The zip-line functions much like a tow-line ski lift, but in reverse. It consists of two pulleys, a loop of rope, and a nine-foot platform. Kids standing on the platform grab the rope which turns pulleys as the children ride down. A generator attached to one of the pulleys harnesses energy from the children. A suspended pulley at one end provides a certain amount of theft prevention by enabling the equipment to be set up and taken down as necessary.

Swing Set

A team of Brigham Young University-Idaho students have recently designed and built a four-seat swing set with an attached generator. Empower Playgrounds plans to begin construction of the swing sets in Ghana in 2009.

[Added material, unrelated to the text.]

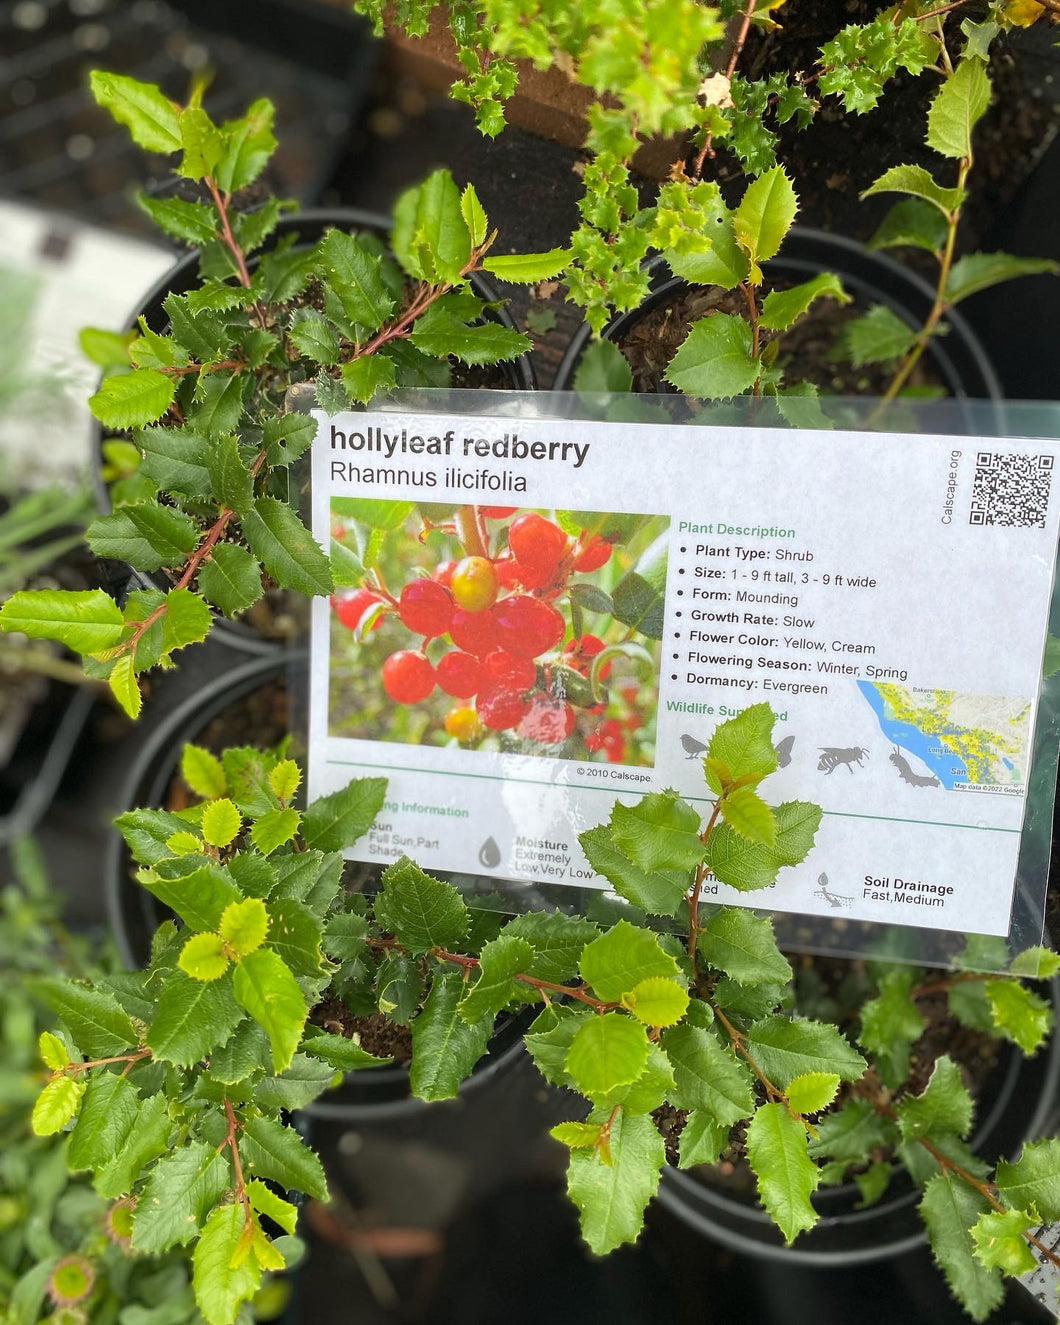 Rhamnus ilicifolia Hollyleaf Redberry
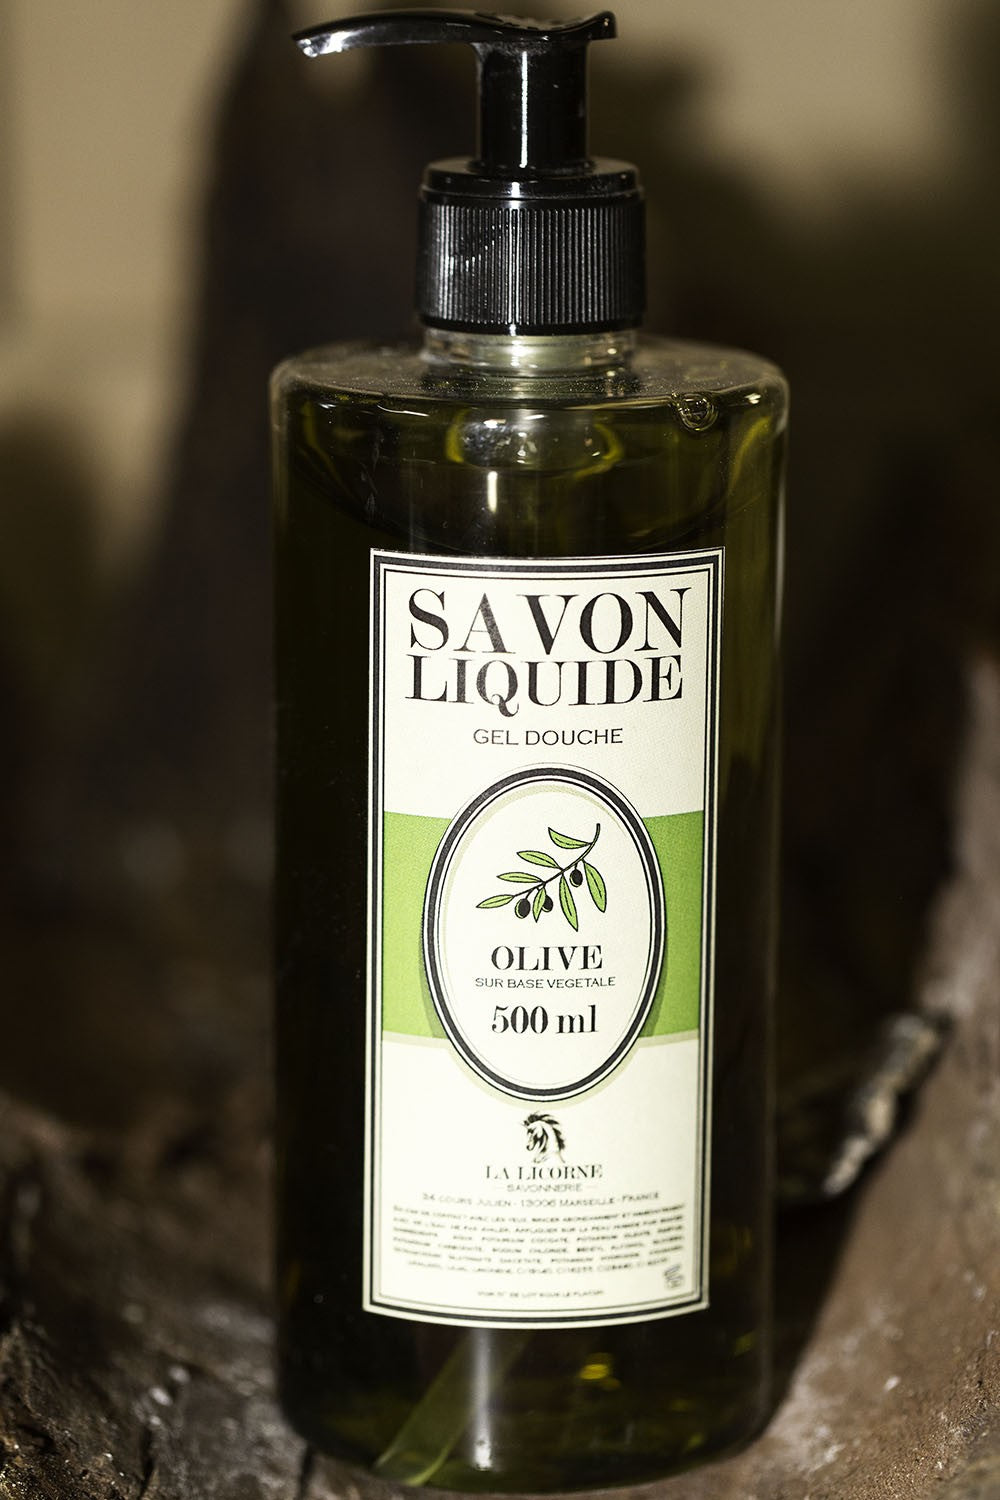 Liquid soap/shower gel - 500ml Olive

News Coverage from ksl.com:

(Click on ksl.com to view the news coverage.

Playground created by BYU students helps to generate power
June 18th, 2008 @ 4:18pm
Sam Penrod reporting


A humanitarian-aid project is bringing electric light to an area of the world that has never seen electricity before.

It was coordinated by some BYU engineering students who just returned from Ghana where the project was completed.

The students helped a Utah company that designed a small power generator. It's powered by school children as they play on playground equipment that they've also never seen before.

The village in Ghana has its first merry-go-round, but more importantly, the first electricity. The power is generated by young children playing on the playground.

Ben Markham, president of Empower Playgrounds, said, "A typical Ghanaian child doesn't know what an on/off switch is because they've never seen one. They understand what the words mean, but they don't really know what that is, and so there's a lot of social science in effectively using the power."

A group of BYU students recently traveled to Ghana to build the first simple generator. The biggest hurdle for the project was finding the materials they needed in Ghana, building it and getting it operational in just 10 days.

BYU engineering student Ed Packer said, "The biggest challenge was meeting the details that we didn't know we would have to deal with there, like exactly certain parts would fit together because we didn't know exactly how those parts would work, you know the used-car parts are a little different on each one."

The goal of Empower Playgrounds is to help third world countries provide light for learning and to bring some recreation to children.

"They do so much with so little that it amazes me," said BYU engineering student Eliza Padilla. "The skills that they had and what they worked with were amazing, they cut through a piece of steel with a hacksaw."

Students call the trip rewarding, knowing they helped improve the lives of children half a world away.

Charles Harrell, BYU engineering professor, said, "This is a great experience for students to be able to see what it's like to fabricate something in a third-world country, to coordinate a project of this magnitude and then to make it a humanitarian project; it had all the elements that made for a terrific capstone project for students."

The next step in the project is to expand the number of villages with the generators and also to allow students to have lamps recharged at school during the day and then to take those lamps home at night, so they have light to study.